» TASK BRIEF
Set down the entries below exactly, leaving out all images.

» PROVIDED ENTRIES
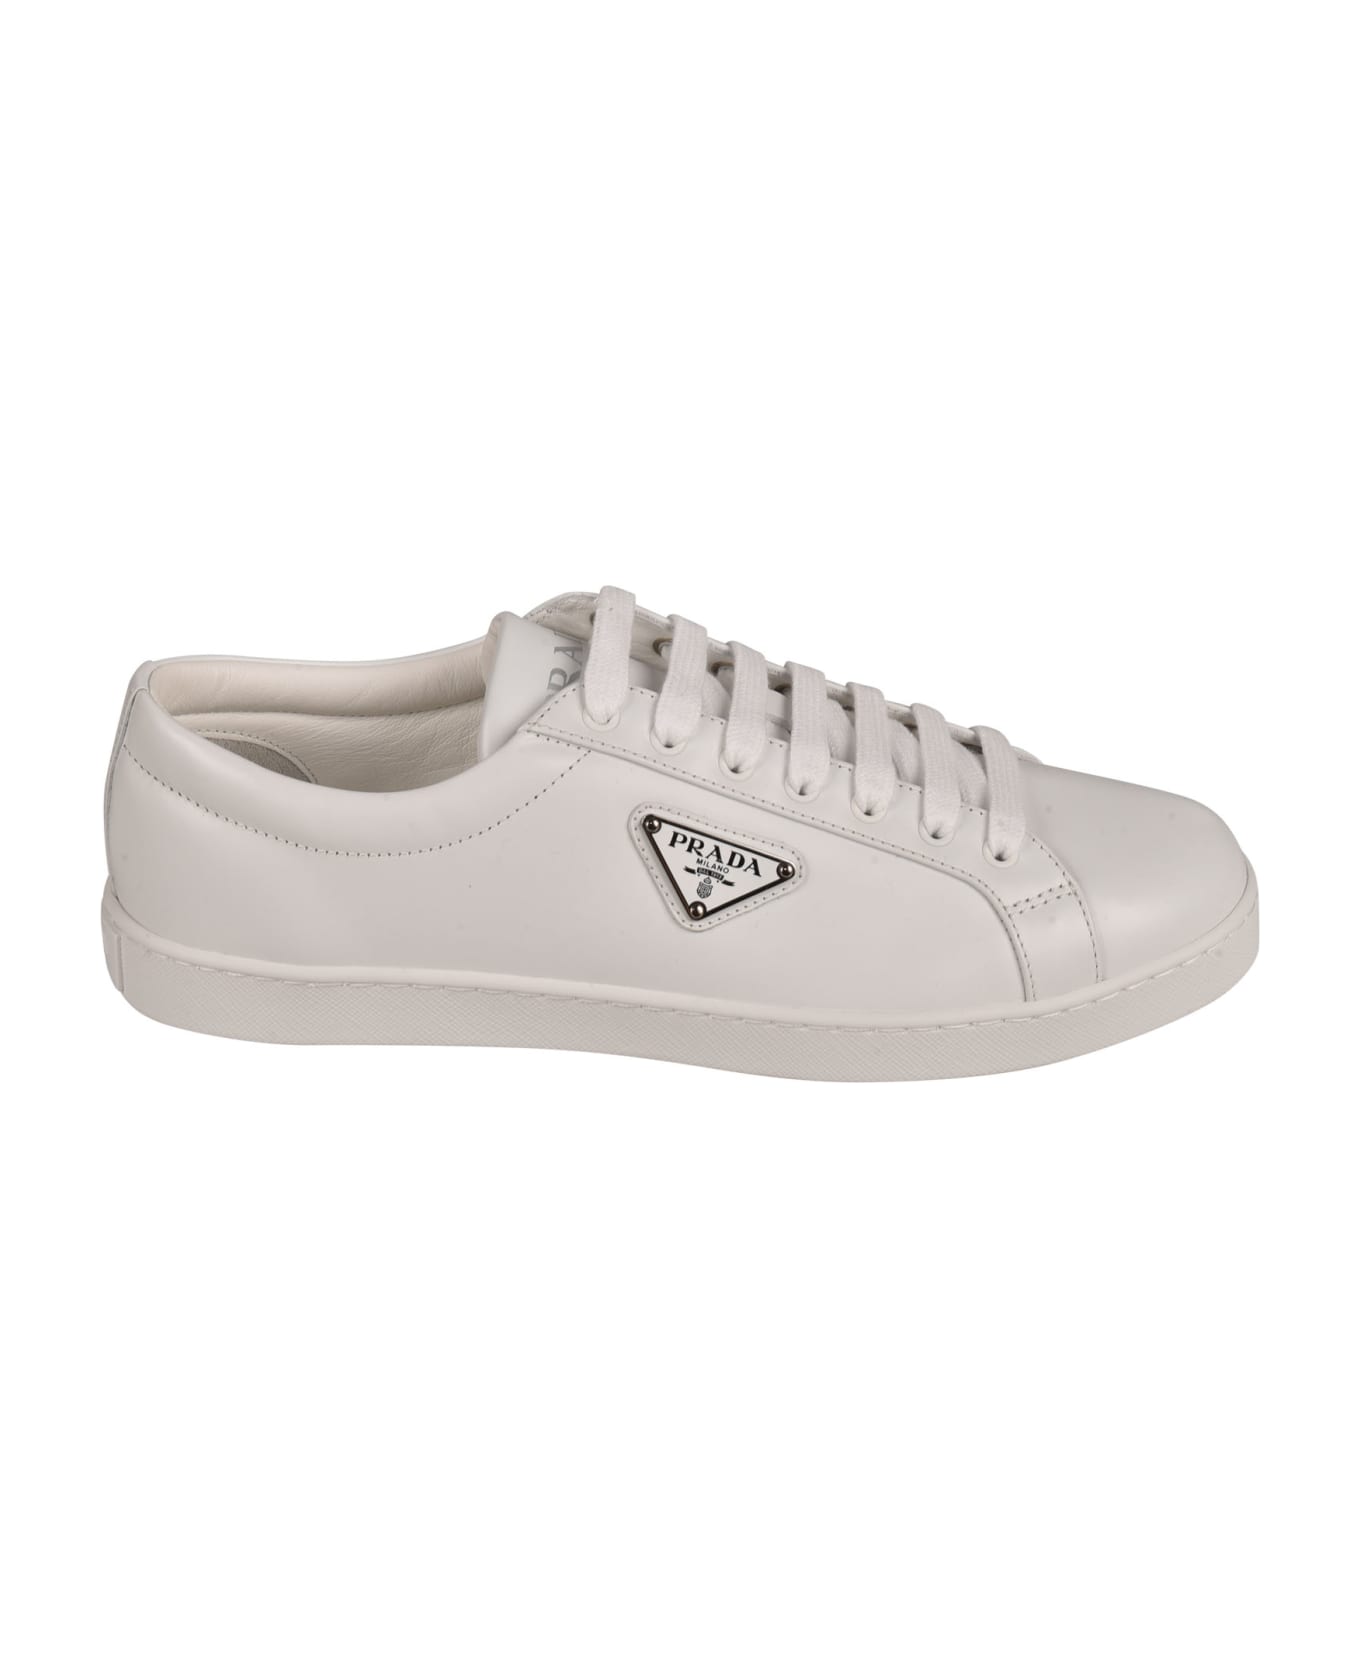 Prada Lane Sneakers - White
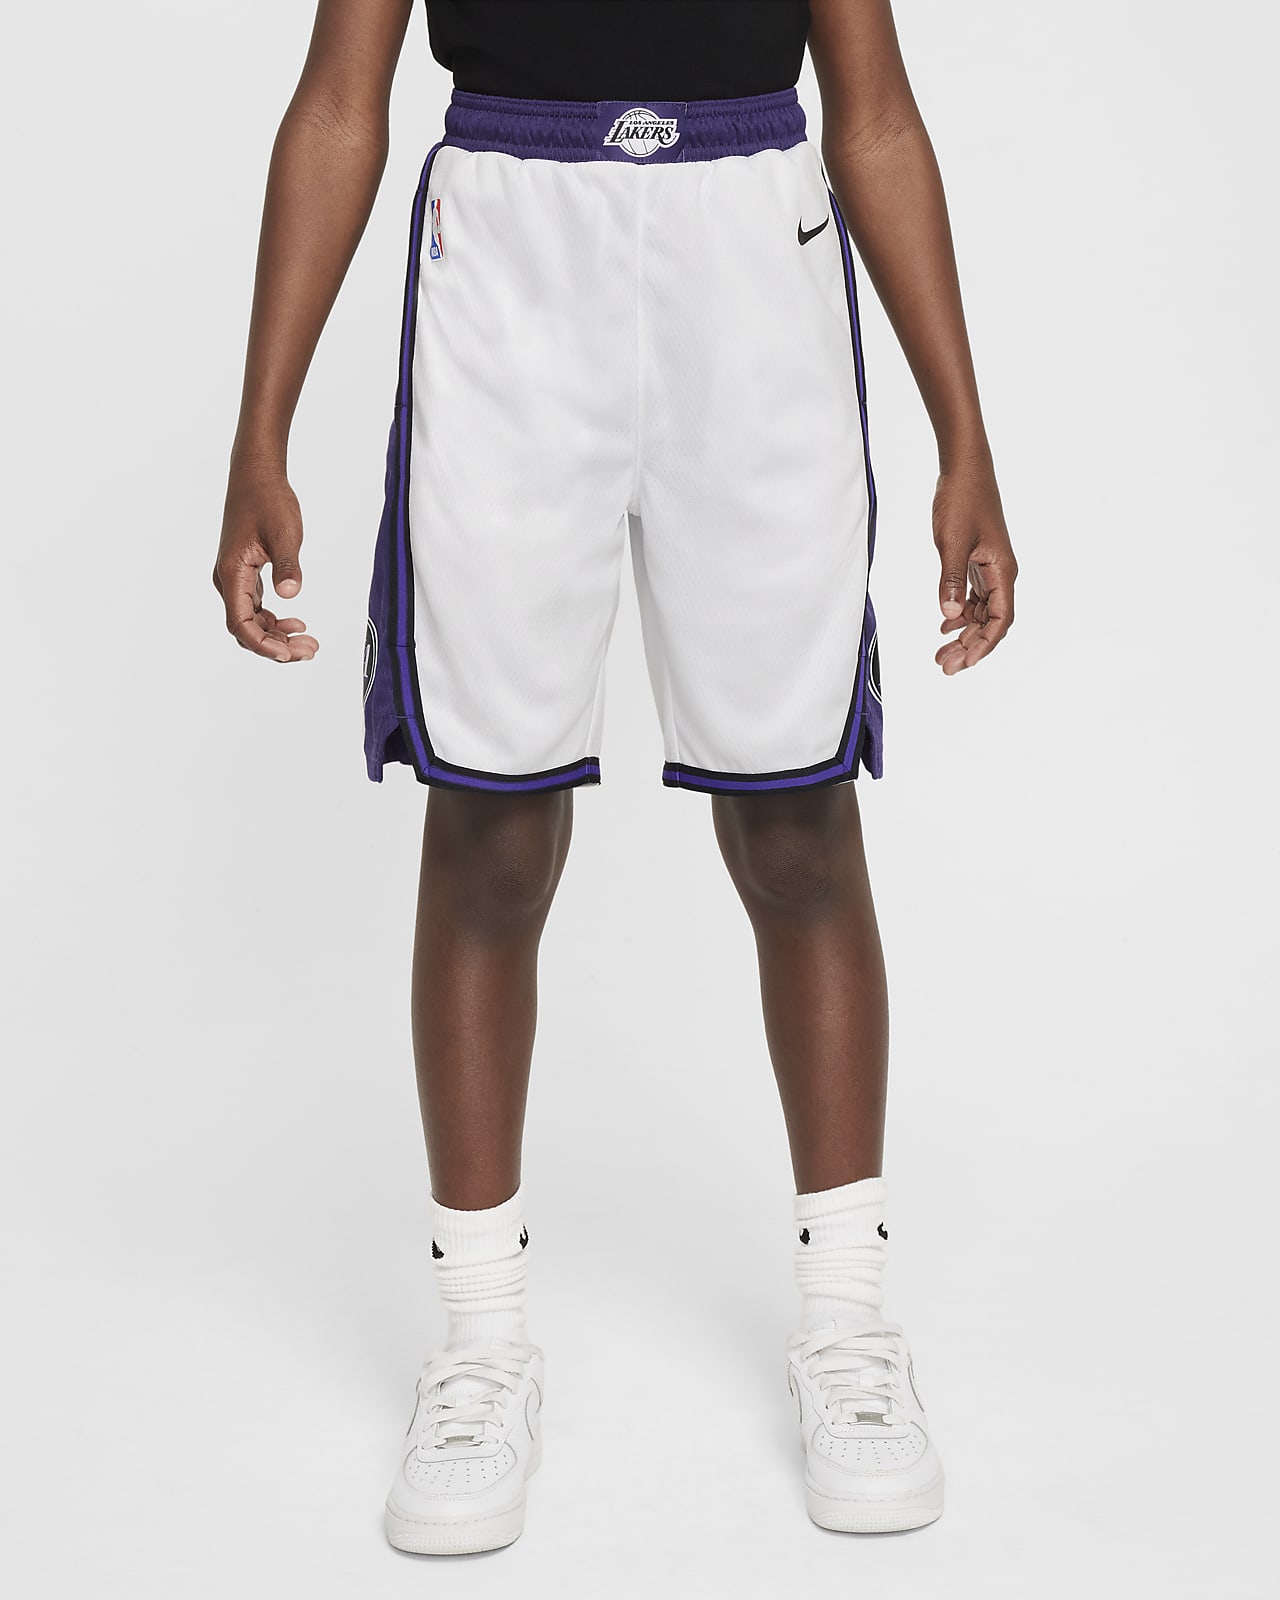 Los Angeles Lakers Pantalons curts Nike Dri-FIT NBA Swingman - Nen/a
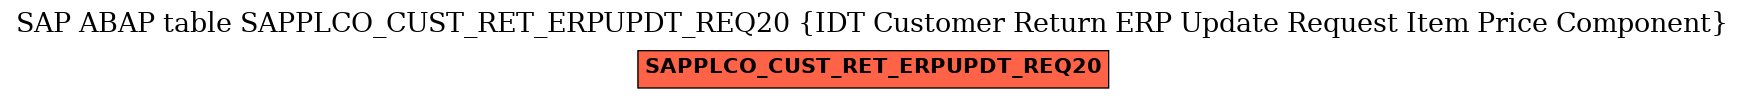 E-R Diagram for table SAPPLCO_CUST_RET_ERPUPDT_REQ20 (IDT Customer Return ERP Update Request Item Price Component)
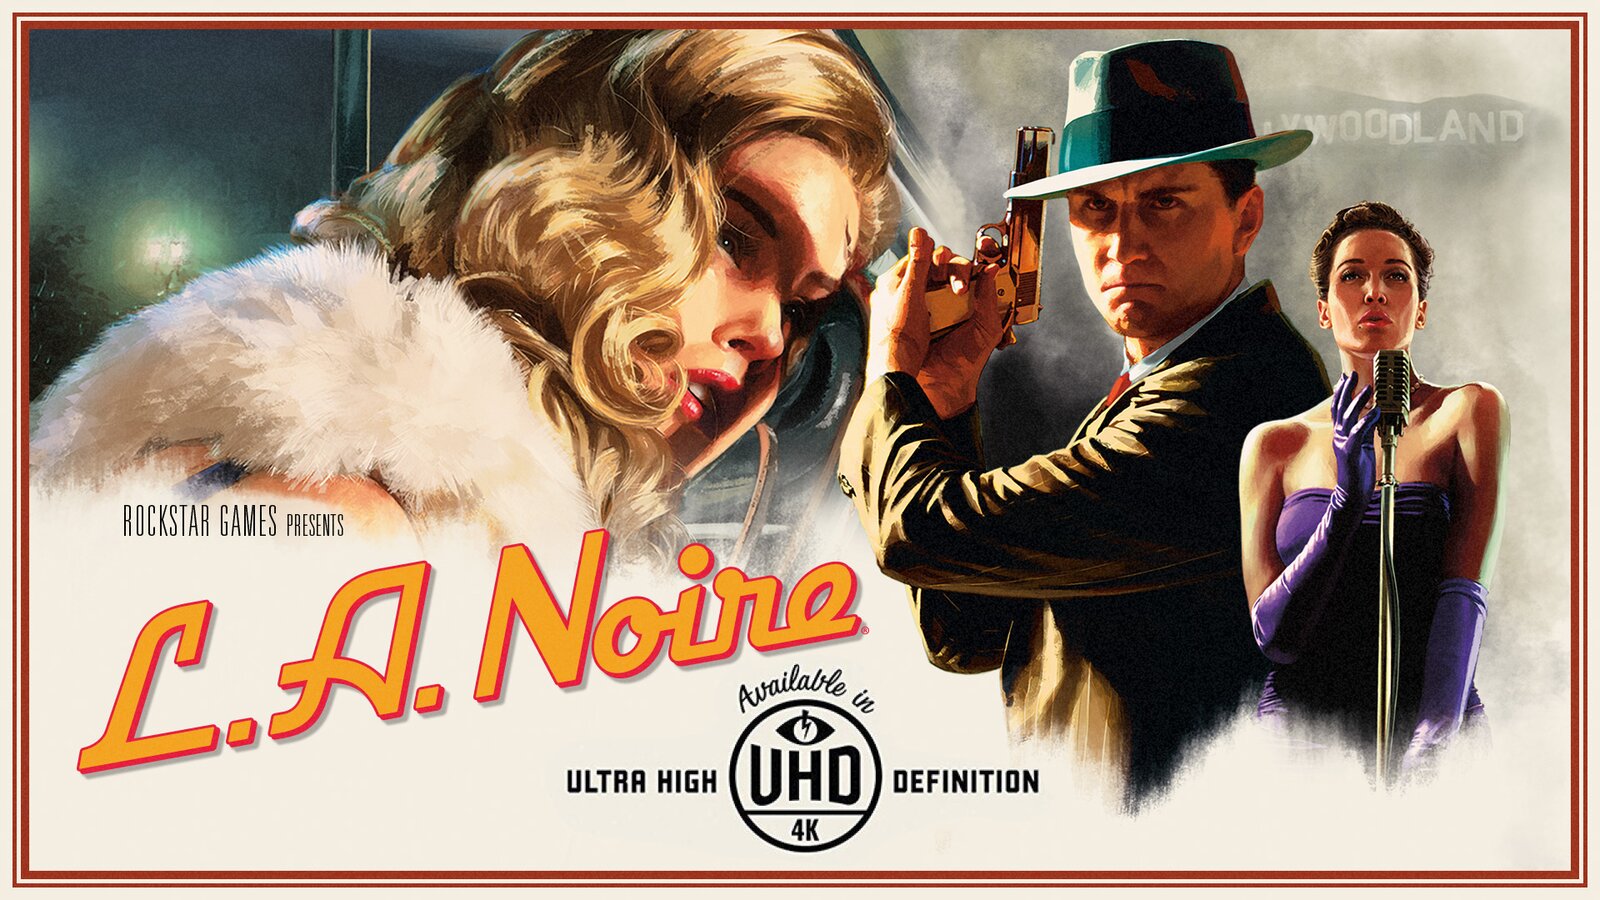 L.A. Noire - Remastered
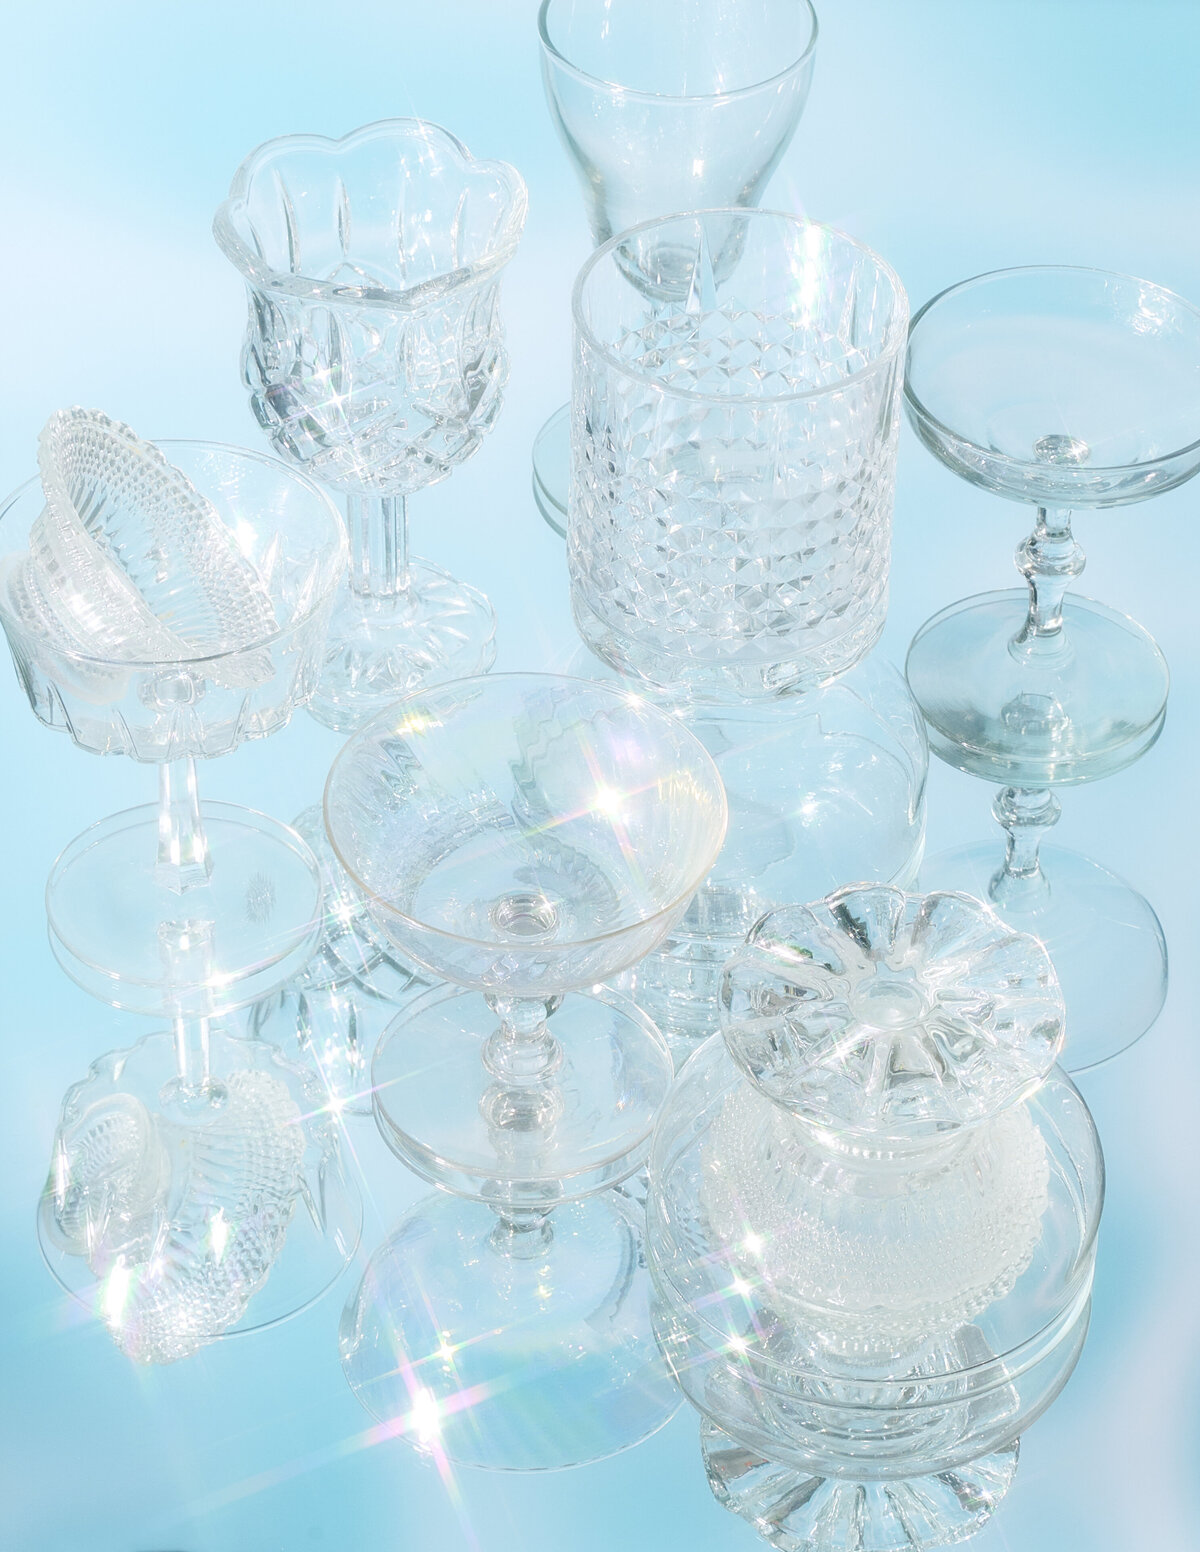 los-angeles-product-photographer-lindsay-kreighbaum-glassware-mirror-photography-sparkles-glass-1

» OUTPUT FOR THIS TASK
 Prada Lane Sneakers - White
 Los Angeles Lakers Pantalons curts Nike Dri-FIT NBA Swingman - Nen/a
 E-R Diagram for table SAPPLCO_CUST_RET_ERPUPDT_REQ20 (IDT Customer Return ERP Update Request Item Price Component)
 L.A. Noire - Remastered
 los-angeles-product-photographer-lindsay-kreighbaum-glassware-mirror-photography-sparkles-glass-1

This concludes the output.